On December 14 and 15, 2011, a conference titled “Identification and Utilization of Robust Biomarkers in Type 1 Diabetes” was held by JDRF in New York City. Type 1 diabetes (T1D) is a heterogeneous disease—meaning that although it is a single disease, it can have distinct differences on the molecular level (involving some of the tiniest particles in the body). These differences are factors that help to explain why the development of T1D and the progression of the disease may vary between individuals. While the factors that may cause T1D are, in part, genetic, there are other factors, considered “environmental,” such as climate, diet, or infection history, that can differentially affect disease. All of these factors taken together further contribute to the variation among individuals with T1D and to the complexity of the disease itself. Unquestionably, this variation and complexity has tremendous significance. Enter biomarkers….
A biomarker is a physical, biological, or molecular characteristic that is objectively measured and evaluated as an indicator of normal biological processes, disease-causing (or “pathogenic”) processes, or pharmacologic responses to therapeutic intervention. Biomarkers can be used to make diagnoses, to indicate disease status and stage, and to predict and/or monitor clinical response. In the field of T1D, measurements that can reliably identify disease stage or predict disease progression are lacking, as are biomarkers to measure response to particular therapies. Ideally, researchers and clinicians will be able to use biomarkers in T1D to precisely assess and track the underlying disease process—from identifying people at risk for the disease, to analyzing the manner in which the disease is progressing, to evaluating the effectiveness of treatments. However, in the field of T1D research, there has been a serious lack of reliable biomarkers that could be used to understand the core mechanisms of the disease.
Over the years, as a leader in the field of biomarkers research for T1D, JDRF has brought together scientists from different areas of expertise, including clinical medicine, immunology, beta-cell biology, and biotechnology to develop new approaches for investigating biomarkers. JDRF brought together U.S. and international investigators from various sectors of the research community, including academia, industry, and government, at a conference in December to exchange ideas and set a course for the future of biomarkers research. The goals of the conference were to evaluate the current state of biomarkers in T1D research, to identify new opportunities for discovering and validating biomarkers, and to determine the best and most efficient and collaborative way to move the field of biomarkers research forward. The investigators who attended the JDRF conference framed their presentations and discussions around the following: 1) the stages of T1D; 2) substitutes or “surrogates” of clinical effectiveness of treatments; and 3) how current and future biomarker tests or “assays” and technologies could be tailored for either objective. The sessions for the conference included “Biomarkers: Definition and Attributes—Building a roadmap for biomarker discovery in T1D,” “Current State of Biomarkers in T1D,” and “Emerging Technologies: The future of biomarkers in T1D.” Presentations spanned the range from pilot studies highlighting basic discovery efforts that may be ready for validation with appropriate samples, to slightly more mature assays that require standardization or optimization for large-scale testing, to biomarker identification strategies in other diseases that could be applied to T1D. After focused and facilitated group discussions at the conference, the investigators proposed recommendations for what types of biomarkers and testable human biological samples (such as blood, urine, saliva, etc.) are needed at each stage of T1D. They followed with recommendations on how existing resources or technologies—or an improvement of both—could be used to identify, develop, and validate biomarkers.

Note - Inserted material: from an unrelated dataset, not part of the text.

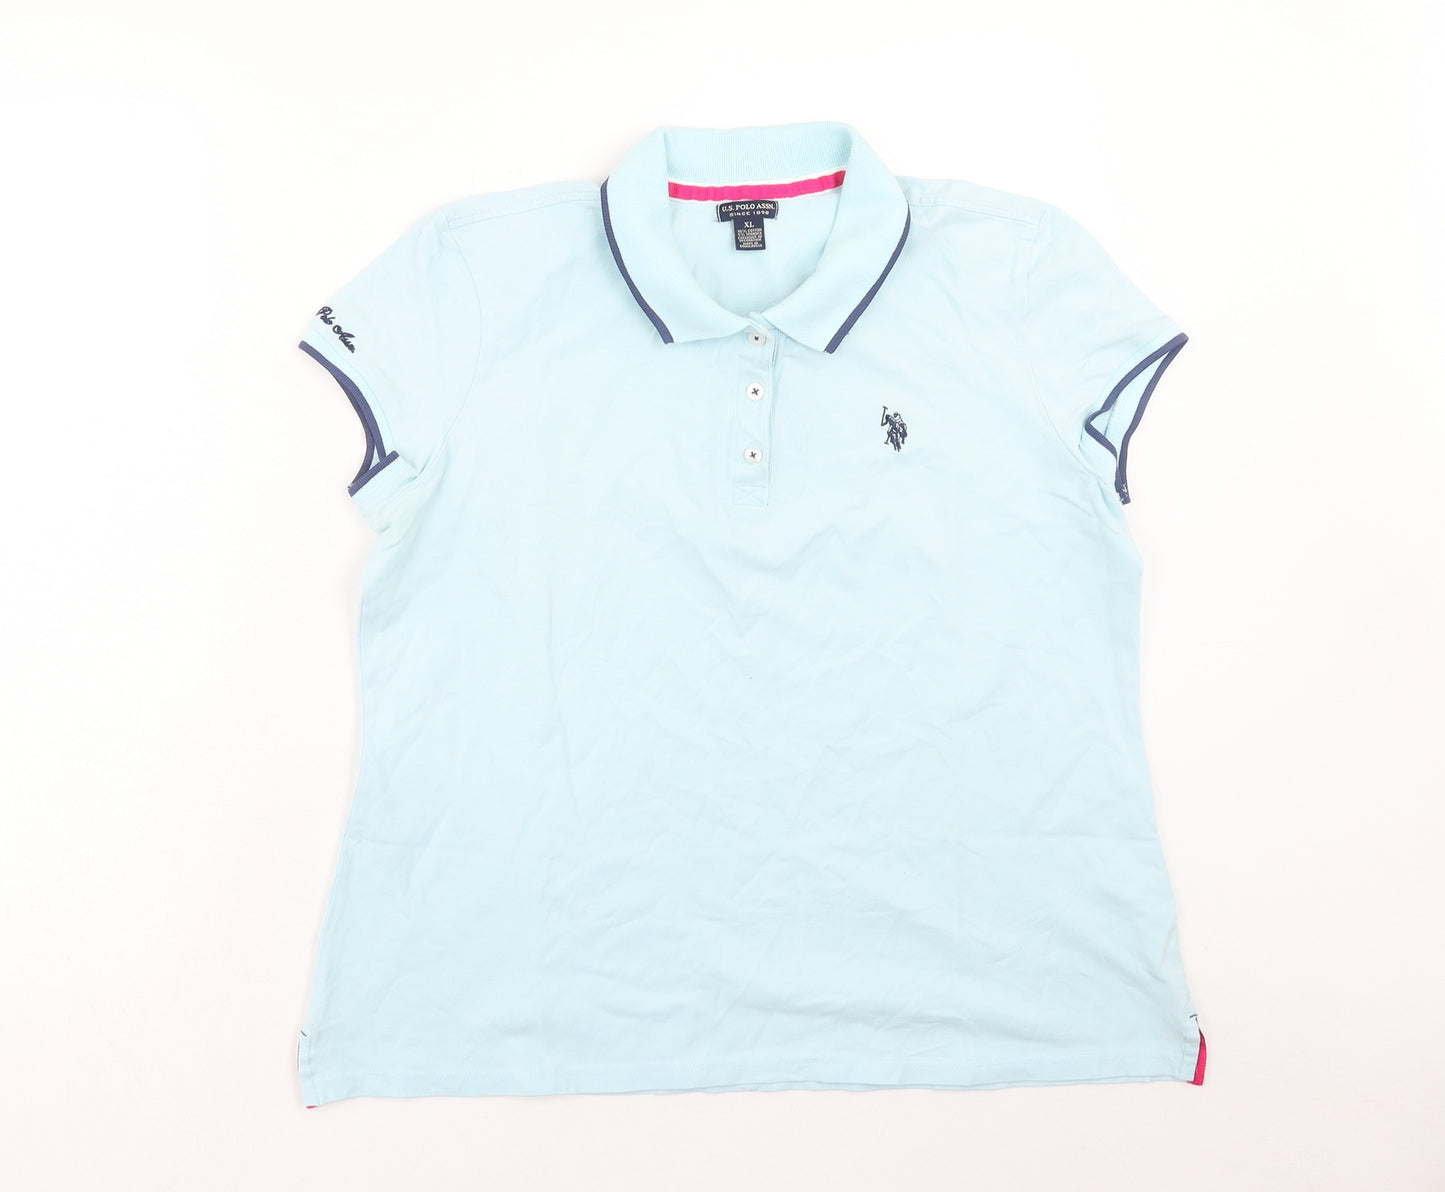 US Polo Assn. Womens Blue Cotton Basic Polo Size L Collared

Advancing biomarkers research will benefit people with T1D by enabling earlier detection and improved therapies, and will ultimately allow clinicians to tailor treatments to individuals. In addition, biomarkers can be used as surrogate endpoints for clinical trials. As a surrogate endpoint, a biomarker could inform clinicians as to whether a treatment is working much earlier than it would normally take for a clinical trial to finish, and thus speed up clinical trials. Furthermore, biomarkers can be used to ensure that drugs are working effectively or to signal the need to adjust the dosage of a drug to correspond to an individual’s needs.
“Ultimately what we want is an easy-to-measure group of biomarkers that can be used in T1D disease prediction, staging, and response to therapy,” said Simi T. Ahmed, Ph.D., JDRF’s scientific program manager of immune therapies. “By hosting this conference, we now have a better understanding of the gaps in the field and the ways in which we can attempt to fill them—hopefully as a combined effort among some of the best talent around.”